Numerical and experimental analysis on the helicopter rotor dynamic load controlled by the actively trailing edge flap

Abstract

Reducing the rotor dynamic load is an important issue to improve the performance and reliability of a helicopter. The control mechanism of the actively controlled flap (ACF) on the rotor dynamic load is numerically and experimentally investigated by a 3-blade helicopter rotor in this paper. In the aero-elastic numerical approach, the complex motion of the rotor such as the stretching, bending, torsion and pitching of the blade including the deflection of the ACF are all taken into consideration in the structural formulation. The aerodynamic solution adopted the vortex lattice method combined with the free wake model, in which the influence of ACF on the free wake and the aerodynamic load on the blade is taken into account as well. While the experimental method of measuring hub loads and acoustic was accomplished by a rotor rig in a wind tunnel. The result shows that the 3/rev ACF actuation can reduce the 3ω hub load by more than 50% at maximum, which is significantly better than the 4/rev control.
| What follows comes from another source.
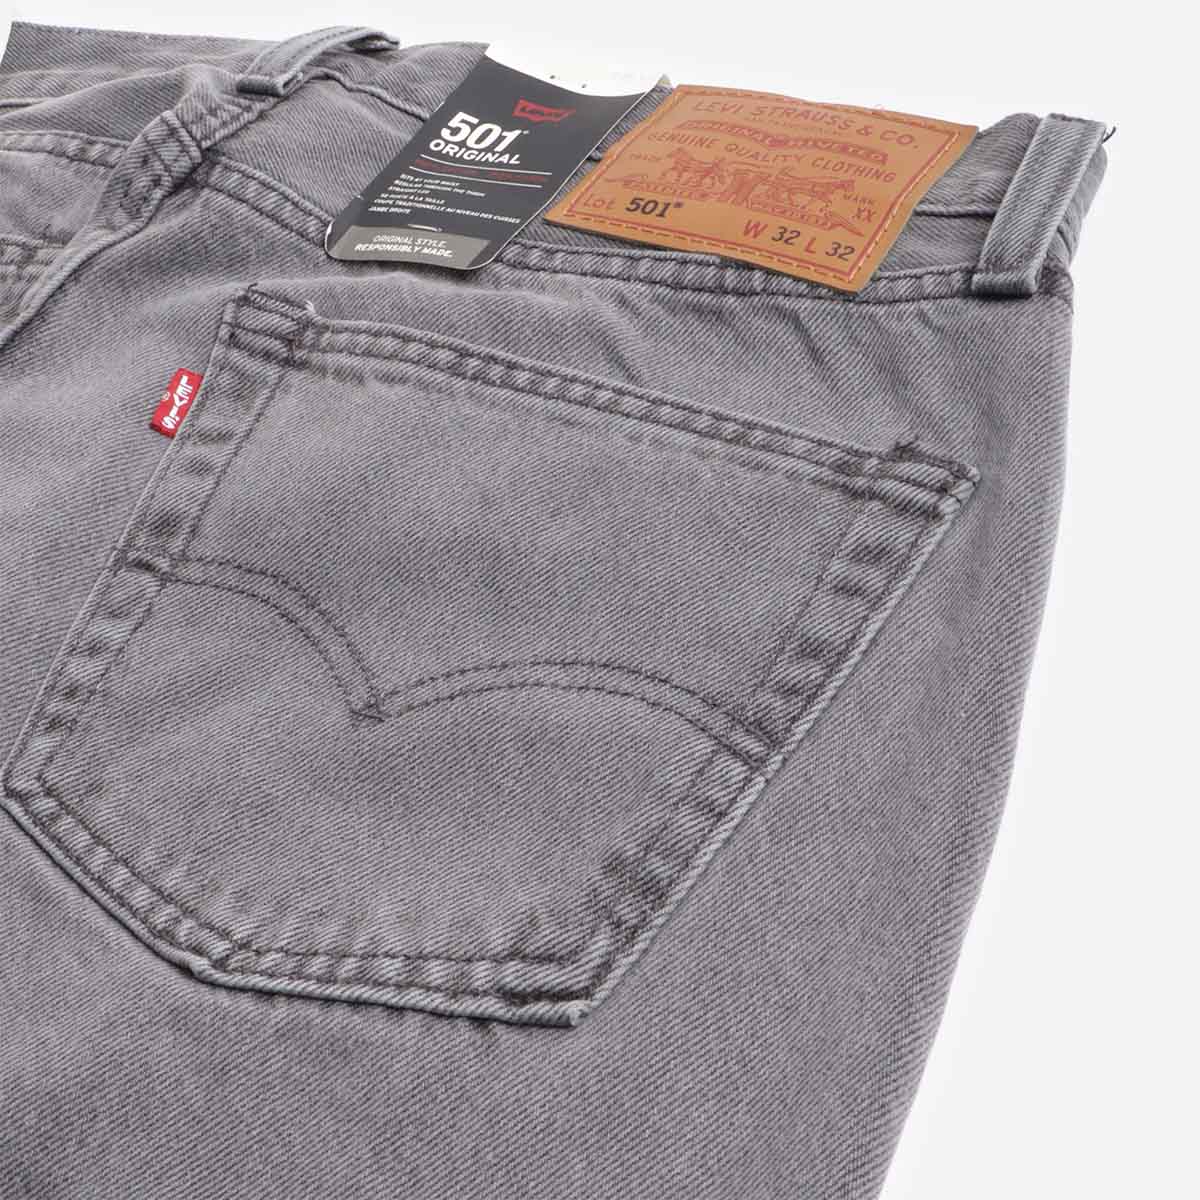 Levis 501 Original Fit Jeans, Walk Down Broadway, Detail Shot 4
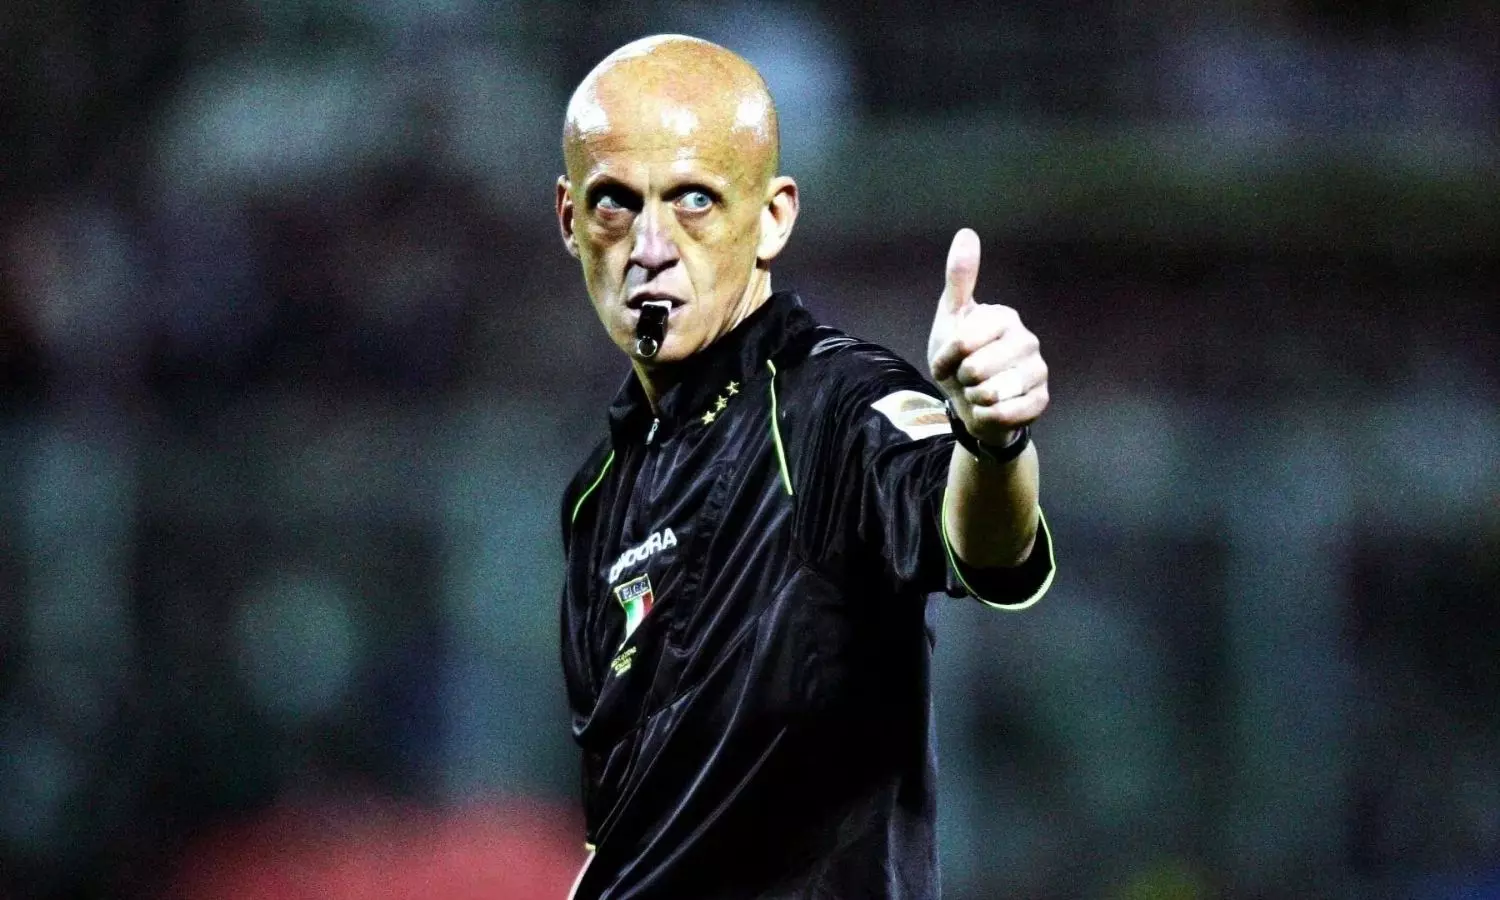 Referee great Pierluigi Collina says Manchester United's 1999

While 4/rev has greater potential to reduce blade vortex interaction (BVI) loads than 3/rev with µ = 0.15. Further mechanistic analysis shows that by changing the phase difference between the dynamic load on the flap and the rest of the blade, the peak load on the whole blade can be improved, thus achieving effective control of the hub dynamic load, the flap reaches the minimum angle of attack at 90∘–100∘ azimuth under best control condition; when the BVI load is perfectly controlled, the flap reaches the minimum angle of attack at 140∘ azimuth, and by changing the circulation of the wake, the intensity of BVI in the advancing side is improved. Moreover, an interesting finding in the optimal control of noise and vibration is that an overlap point exists on the motion patterns of the flap with different frequencies.